She brushed up her English vocabulary, practised her English grammar, fell asleep reading Charles Dickens in translation one painful sentence at a time. Richard Johnson. She didn’t care what he might look like. He would be in her life very soon, providing a window on the big, wide, wonderful world.
The villagers of Fuentes thought the Alvaros an unusual family, and Fuentes was an unusual place for them to settle. People usually dreamt of moving to Madrid, and so when a finely dressed Madrileňo holding a plump, well-fed baby in one arm held out his hand one Monday morning way back in 1921 to help a frail-looking woman out of a carriage, most of them couldn’t believe their eyes. Sturdy trunks followed, full of books, bottles and medical instruments. By the end of the second day the finely dressed man had tended three babies with a fever, lanced twenty-seven boils, treated the infected wounds of seven farm labourers, and diagnosed nine cases of gout.
El doctor had arrived.
Within weeks he had become indispensable, caring for the infirm and curing the sick, usually with his robust-looking baby in tow.
‘Poor doctor!
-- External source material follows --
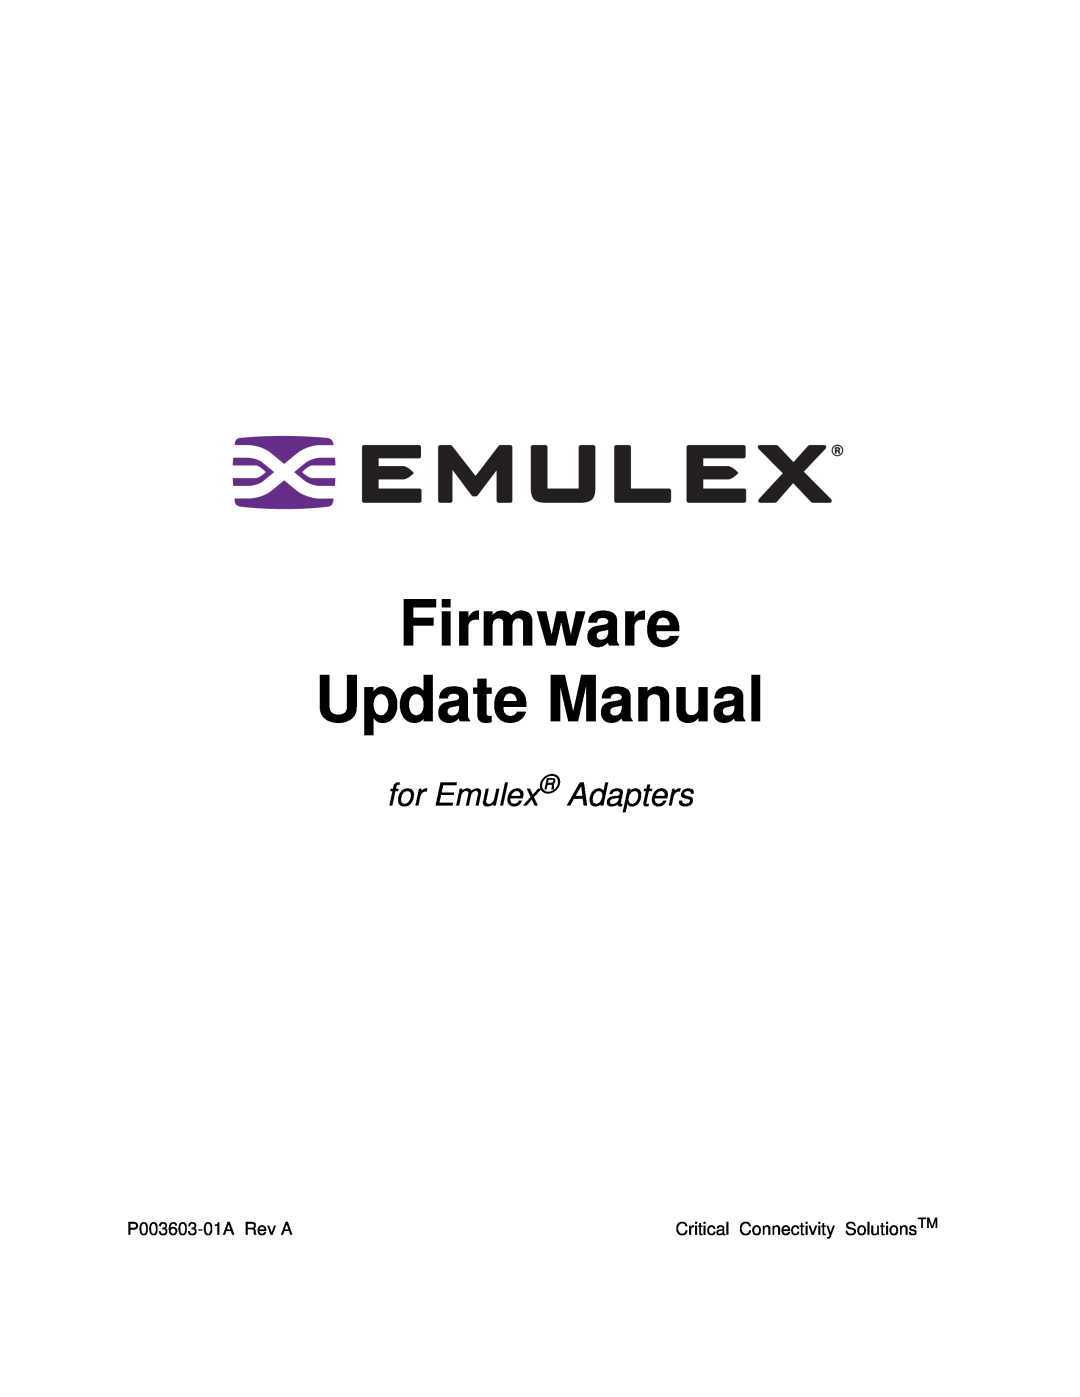 Emulex manual Firmware Update Manual, for Emulex Adapters

Poor child! What sort of a wife must that woman be to let her husband do so much? She never leaves the house!’ the women of Fuentes enjoyed muttering to each other, their eyes rolling in sisterly condemnation.
The answer came in the winter of 1923 when poor Seňora Alvaro left her home for good, in a coffin – thus putting an end to the muttering.
The response was rapid. All rallied round, some bringing him food, others looking after the poor motherless girl. It wasn’t their fault the woman had died. They weren’t doctors (they bit their tongues from running on to the inevitable conclusion their cruel thoughts had already jumped to). But they were mothers. And they would treat this Maria as one of their own. That she looked like she had sprung from the Andalucian soil made her easier to accept. She was strong and dark and not at all like the frail, colourless woman who had given birth to her (if, one or two of the more spiteful among them whispered, she really had).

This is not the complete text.